- Original film poster
- Directed by: Tim Sullivan
- Written by: Tim Sullivan
- Produced by: Simon Channing-Williams; Pippa Cross; Janette Day;
- Starring: Richard E. Grant; Samantha Mathis; Judi Dench; Ian McKellen;
- Cinematography: Jean-Yves Escoffier
- Edited by: Lesley Walker
- Music by: Simon Boswell
- Production companies: PolyGram Filmed Entertainment; Canal+; Granada Film;
- Distributed by: Pan-Européenne (France); PolyGram Filmed Entertainment (Worldwide);
- Release date: 9 June 1995;
- Running time: 110 minutes
- Countries: France; United Kingdom;
- Language: English
- Box office: £2.8 million

= Jack and Sarah =

Jack and Sarah is a 1995 romantic comedy film written and directed by Tim Sullivan. The film stars Richard E. Grant, Samantha Mathis, Judi Dench, Eileen Atkins, Cherie Lunghi and Ian McKellen.

== Plot ==
Jack and Sarah are expectant parents, renovating their home for their soon-to-be expanding family. One night, Jack falls and bangs his head. He wakes in hospital to find that Sarah has died after giving birth to their daughter. Grief-stricken, Jack rejects fatherhood, leaving the baby girl in the care of his parents and Sarah's mother.

During this time, Jack relies heavily on drink, and befriends a homeless alcoholic man in a nearby skip. Knowing Jack needs to get back into his life, Jack's father decides to introduce Jack to his daughter by placing the child in bed next him as he sleeps off another all-night bender. The three grandparents then wait in Jack's kitchen until he wakes. Initially overcome by the child and feeling sabotaged, Jack bonds with his daughter. He quickly becomes a doting father as he continues to mourn the loss of his wife. In honour of his wife, Jack names the child Sarah.

Fatherhood comes naturally to Jack, but he struggles with balancing raising his daughter, house renovation construction, and with his day-time job. In an odd turn of events, the homeless man from the skip comes to visit and Jack offers him work around the house.

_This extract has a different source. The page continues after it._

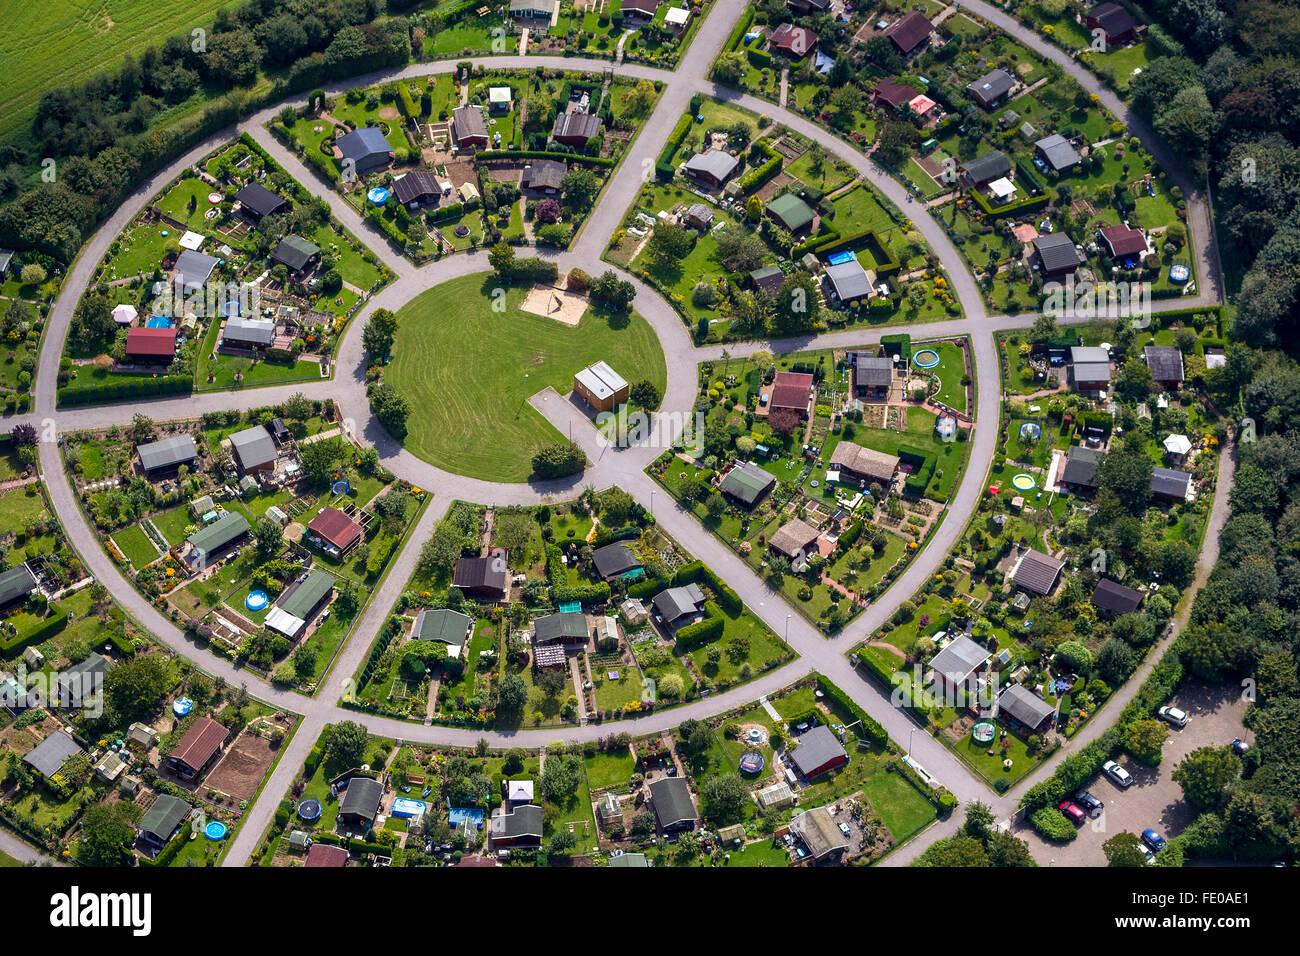 Aerial view small garden round gardens Cäcilienstrasse circle circular K&-Lintfort Lower Rhine North Rhine-Westphalia & Aerial view small garden round gardens Cäcilienstrasse circle ...

William, once sober, proves to be a remarkably efficient babysitter and housekeeper. William and Sarah's grandparents are often present to help Jack, Jack realises that he needs is a full-time live-in nanny to care for Sarah. Unfortunately, the interview process finds candidates who are cold or detached or just plain strange, much to Jack and the grandparents' dismay.

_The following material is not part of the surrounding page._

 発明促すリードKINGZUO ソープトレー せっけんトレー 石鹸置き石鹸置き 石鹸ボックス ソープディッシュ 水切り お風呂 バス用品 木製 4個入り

In a chance outing at a restaurant with Sarah, Jack encounters the waitress Amy, an American living in London. Amy instantly takes a shine to Sarah and Sarah to her, and Jack offers her the nanny position on the spot. Within the week, Amy moves into Jack and Sarah's house and begins her new job caring for Sarah.

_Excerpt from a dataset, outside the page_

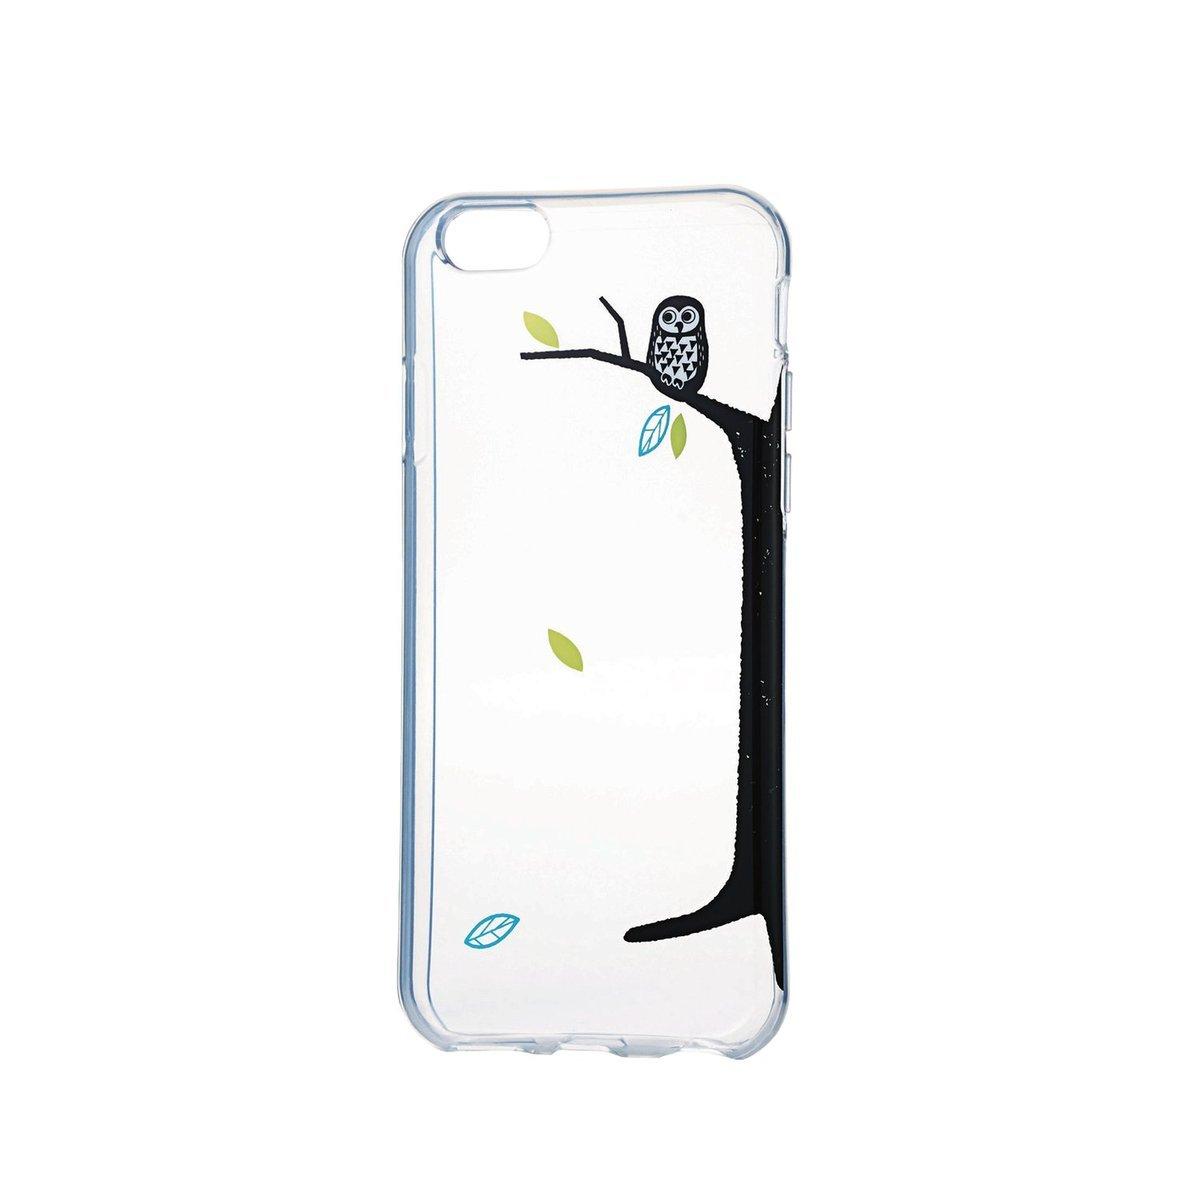 iPhone 6/6S 少女風軟殼(貓頭鷹)

Although Amy clashes with William and the grandparents, especially Jack's mother, Margaret, Jack and Amy gradually grow closer—but Jack's boss has also taken an interest in him.

== Cast ==
- Richard E. Grant as Jack, the father of Baby Sarah who's taking care of her after the death of his wife.
- Samantha Mathis as Amy, the American babysitter for Baby Sarah.
- Judi Dench as Margaret, Jack's mother
- Eileen Atkins as Phil, Jack's mother-in-law
- Cherie Lunghi as Anna, Jack's boss
- Imogen Stubbs as Sarah, Jack's wife, who died during the birth of Baby Sarah.
- Ian McKellen as William, Jack's fellow drinker
- David Swift as Michael, Jack's father
- Bianca Lee and Sophia Lee as Baby Sarah, the daughter of Jack and Sarah.
- Sophia Sullivan as Baby Sarah (as a toddler), the daughter of Jack and Sarah.

==Production==

Development of the film began in 1991 for Granada Film. Polygram joined the film, and shooting began in January 1994.

==Release==
The film was released in the United Kingdom on 9 June 1995.

==Reception==
The film was the third highest-grossing British film at the UK box office for the year, behind Shallow Grave and The Madness of King George, with a gross of £2,565,673. It opened on 161 screens in the UK and grossed £423,540 in its opening weekend, finishing second behind The Brady Bunch Movie with £488,275, but had the highest per screen average for the weekend. In the United States and Canada it grossed $218,626.

==Music==
The theme song in this film is "Stars" by British pop group Simply Red.

The song in the end credits in this film is "Precious" by Scottish singer Annie Lennox.